Plans are afoot to transform Foley Lane into an alfresco dining and retail area.

If approved by the City Of Sydney, the laneway between Crown St and Oxford Square will get new paving, improved lighting, shops and cafes opening on to the lane from council-owned buildings between 58 and 76 Oxford St.

The street redesign, to be voted on by Council on June 21, also includes space for a supermarket and retail shops on the Oxford St side of the buildings and two floors of office space.

“This major refurbishment will transform an existing property into a new shopping hub for fresh food, boutique retail and commercial offices, and will overlook a transformed laneway where people can dine, explore and socialise,” City of Sydney CEO Monica Barone said.

“The City of Sydney is re-establishing Oxford St as a strong and vibrant retail destination and building on Oxford St’s unique eclectic character.”

There have been mixed reactions from local business people to the redevelopment.

Oxford Hotel manager Roger Z told Sydney Star Observer he would “most definitely” welcome the redevelopment of the laneway and buildings.

However, Darlinghurst and Surry Hills Business Partnership president Lawrence Gibbons said it was foolish to proceed with the redevelopment before having specific tenants in mind.

“My concern from the start has been that I would like to know who the tenants the City is proposing will take the space are going to be,” he said.

“This happened with the Burton St Tabernacle, where they spent a lot of money on a fit-out saying it was going to be a theatre and then the theatre people came in and said it was entirely inappropriate for that use.

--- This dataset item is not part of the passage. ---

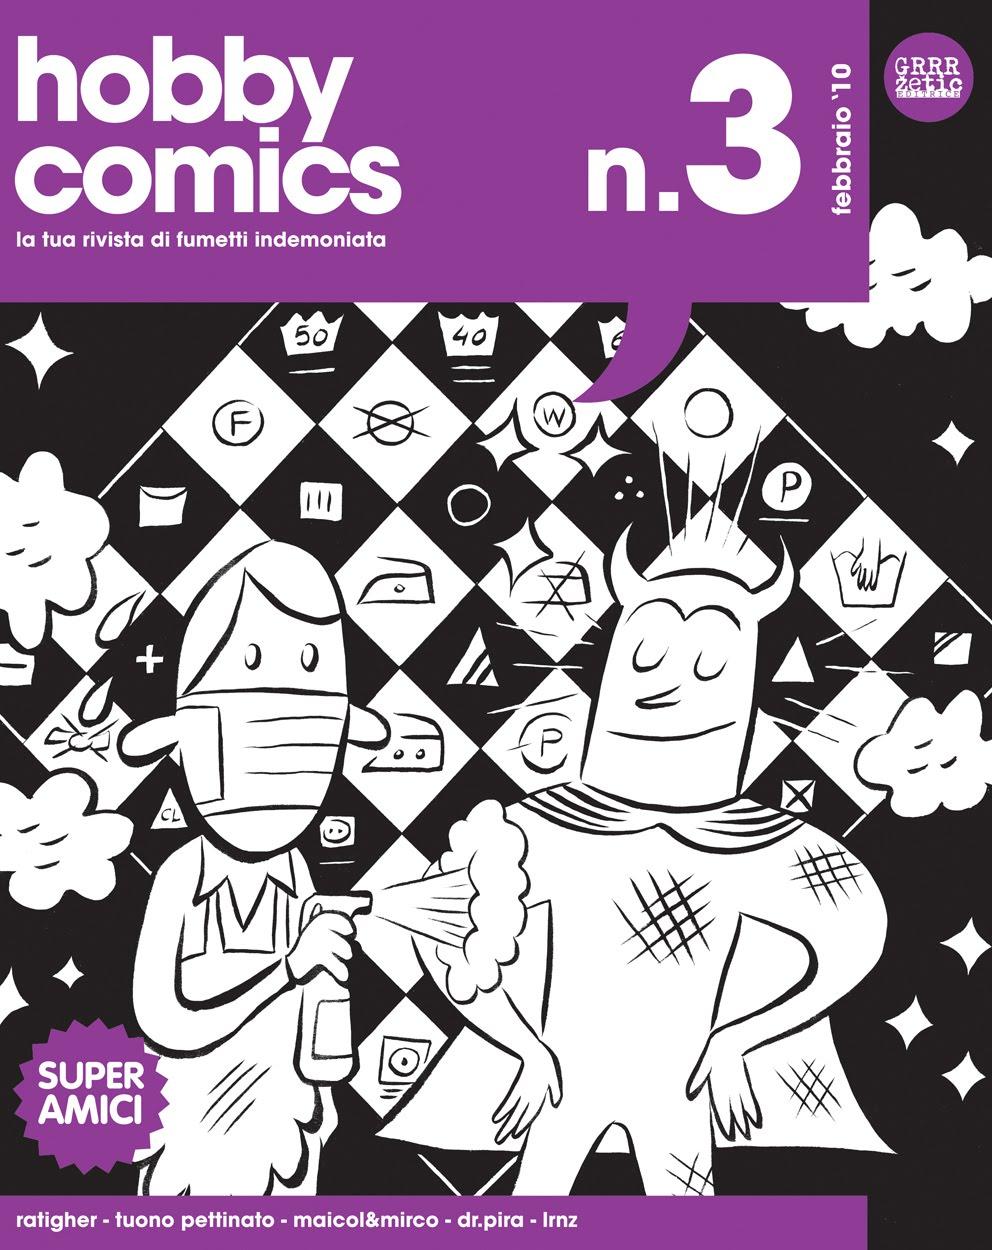 Hobby Comics vol. 3

“I also have concerns about pushing commercial activity into the residential side of Oxford St. A lot of the residents behind Oxford St are bombarded with noise already and it just intensifies needless conflict when it seems to me, why can’t you have alfresco dining on Oxford St?”

Aussie Boys’ Ken Holmes echoed Gibbons’ concerns and saw the wider state of Oxford St and Taylor Square as a bigger priority.

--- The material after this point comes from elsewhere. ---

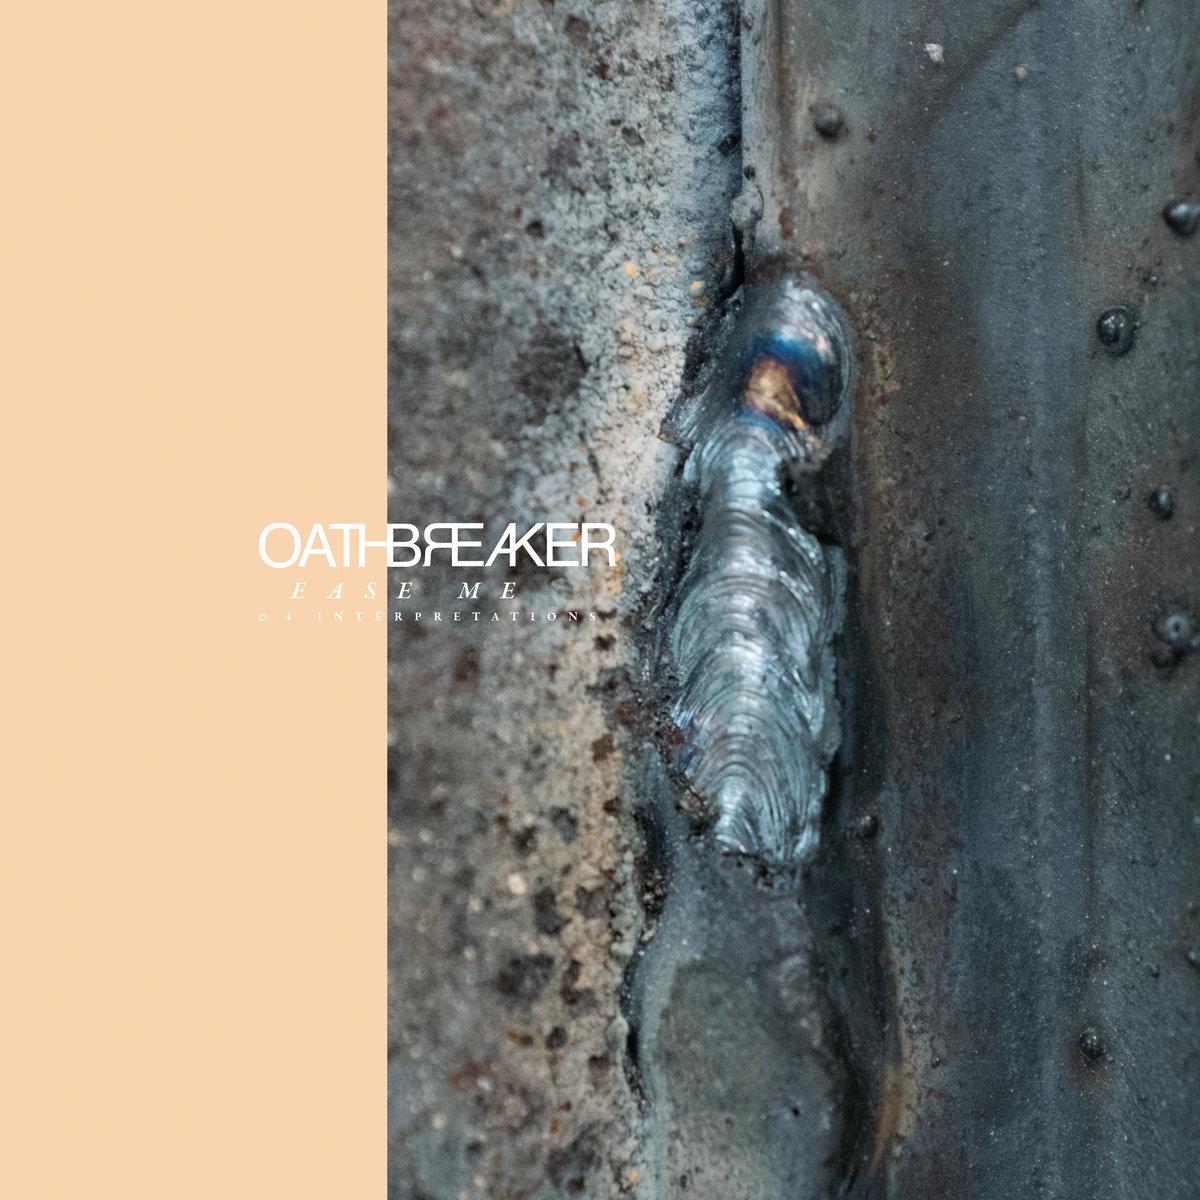 Oathbreaker - Ease Me & 4 Interpretations 12

“They’ve got another block down the other end with tenants in it for about three or four hundred dollars a week because they can’t fill them up, when traders elsewhere on the street are paying $1000, $2000 ­— maybe more.

“Are they going to take more people off the strip and put them in Foley Lane because they don’t want to sit on Oxford St?”

T2 gets tenants

The College of Fine Arts (COFA) and Reverse Garbage will help turn the former T2 nightclub building on Taylor Square into a creative centre.

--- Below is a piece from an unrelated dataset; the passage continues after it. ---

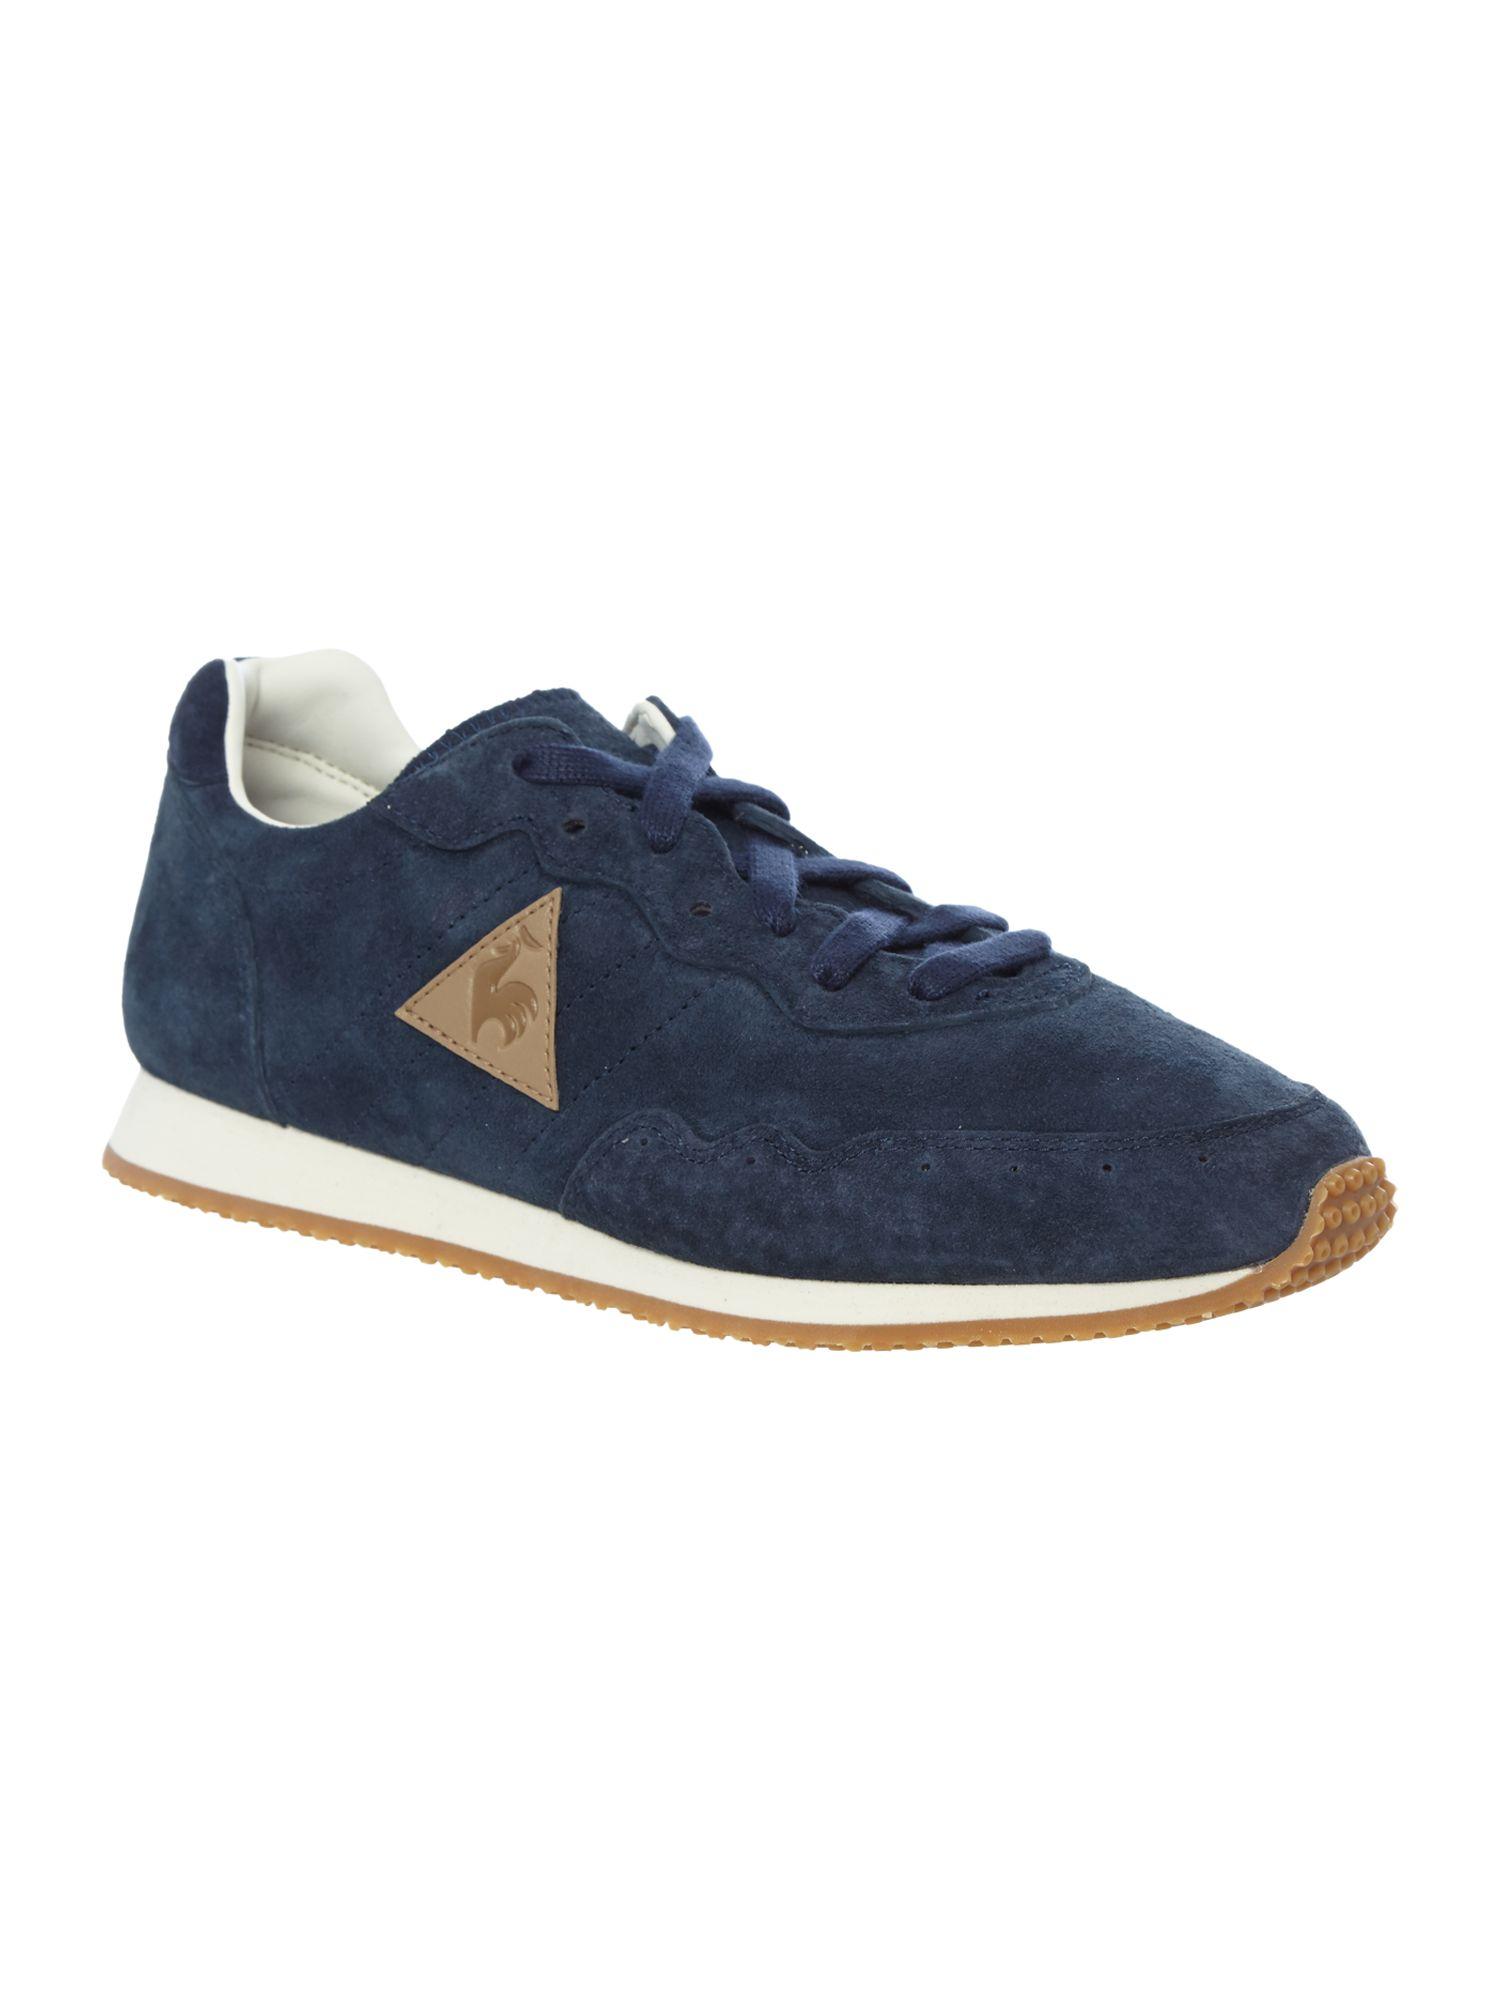 Romika Running Shoes

Senior COFA students will use the top floor, while on the ground floor Reverse Garbage will hold creative workshops and sell materials discarded by industry to artists and homemakers.
Sydney Lord Mayor Clover Moore said council advertised its call for interest in the property widely to ensure it went to users with a strong link to the community.

“This is an opportunity to reactivate part of the iconic Taylor Square building as a temporary creative community space celebrating the vibrancy and diversity of the Oxford St cultural quarter,” Moore said.

The two organisations will have free use of the building while the exterior is being renovated and will vacate the premises when restoration work begins inside.